The film's narrative structure therefore reflects my own knowledge journey, from one individual's intimate and private story to the history of an entire people. A broadening of both my perspective and knowledge.

I casted with Laura Muccino all over the world. We looked for both professional actors and people working in that field of culture. We got audition tapes back from every continent and that's how we met the poet Basir Ahang, who lives in Italy, and Dawood Yousefi.

They based their work on the physical and emotional memory of the feelings I talk about in the film, they see it as a reflection of their own stories. This was the film’s point of departure and strength with Basir and Dawood: both of them recognised their own generation’s story in the film. Before going on set, we held rehearsals and training sessions for months. Because they both needed to take on the passion of the character's way of thinking.

How was it to work with the non-professionals and professionals together? How did you put these two sides together?
In order to invent a coherent world, you need to work very carefully. On the one hand, professional actors need to be in harmony with non-professional actors. And Tihana Lazovic, who plays the role of Nina, was very good at that. On the other hand, the film doesn't adopt a naturalistic approach and I would never say that Basir and Dawood are playing themselves. It’s only when Ismail is traveling in the film, that the camera records the moments when Basir Ahang experiences strong feelings. It’s at that point in the film that life enters the film and vice versa, such as in the mass scenes in which Ismail mixes with his people, becoming a part of them.
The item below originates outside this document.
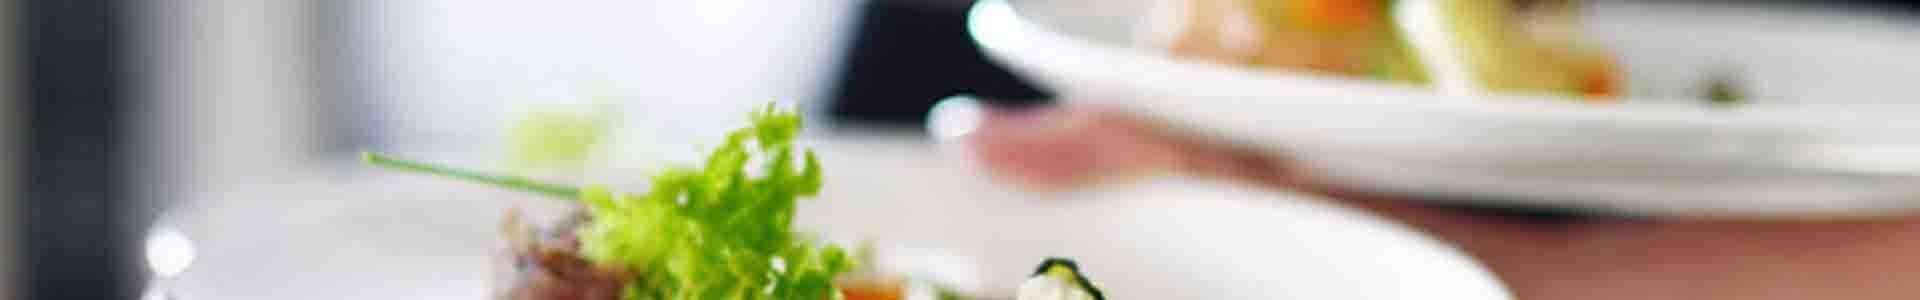 Geschirr und küchenutensilien für den gastronomie -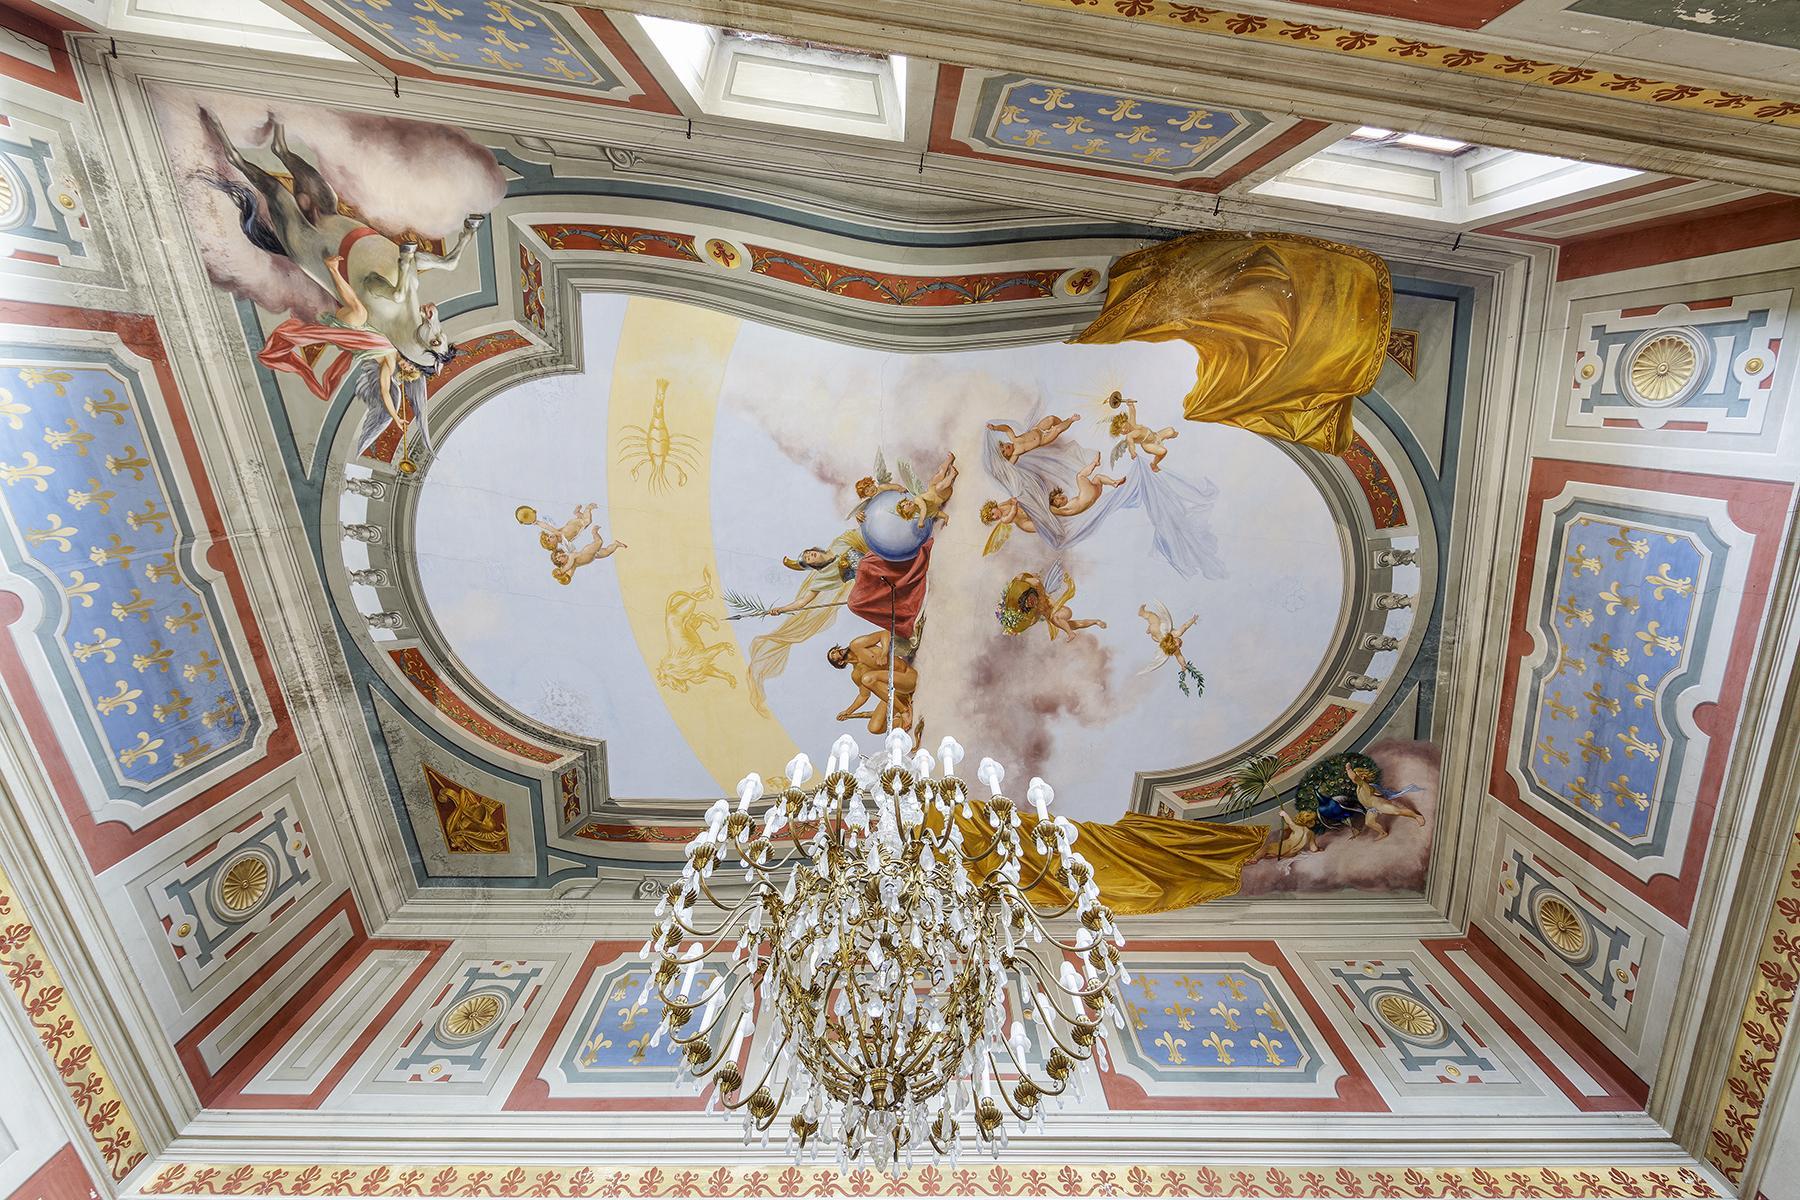 Прекрасный дворец в стиле Ренессанса - 13

In which locations did you shoot the film, and how did you pick those locations? 
The film was shot in Italy, Trieste, and Iran, in a few areas where the Hazara people live.

Trieste is a city in which many cultures and languages have traditionally mixed, and is one of the arrival points for migrants coming through the Balkans. It’s a city that has closely experienced the effects of war and the contradictions of a Europe that still suffers from open wounds.

I chose Iran because Ismail is travelling towards his refugee people in countries that neighbour Afghanistan and I wanted to include older generations in the film, as well as numerous Hazara men and women, in whom our protagonist recognises himself. A bit like a journey back through his ancestry.

What were the biggest challenges during the production?
There have been so many challenges that it's hard to say. Production-wise, the biggest was shooting in Iran. I was told that no Italian film has been shot there since 1976 (The Desert of the Tartars by Valerio Zurlini) and we had to wait almost a year to get the necessary permissions.

The biggest challenge, from the point of view of feelings, was shooting the group scenes in Iran, because they were very emotional: all the women and men gave their most authentic feelings to the film, with love and generosity.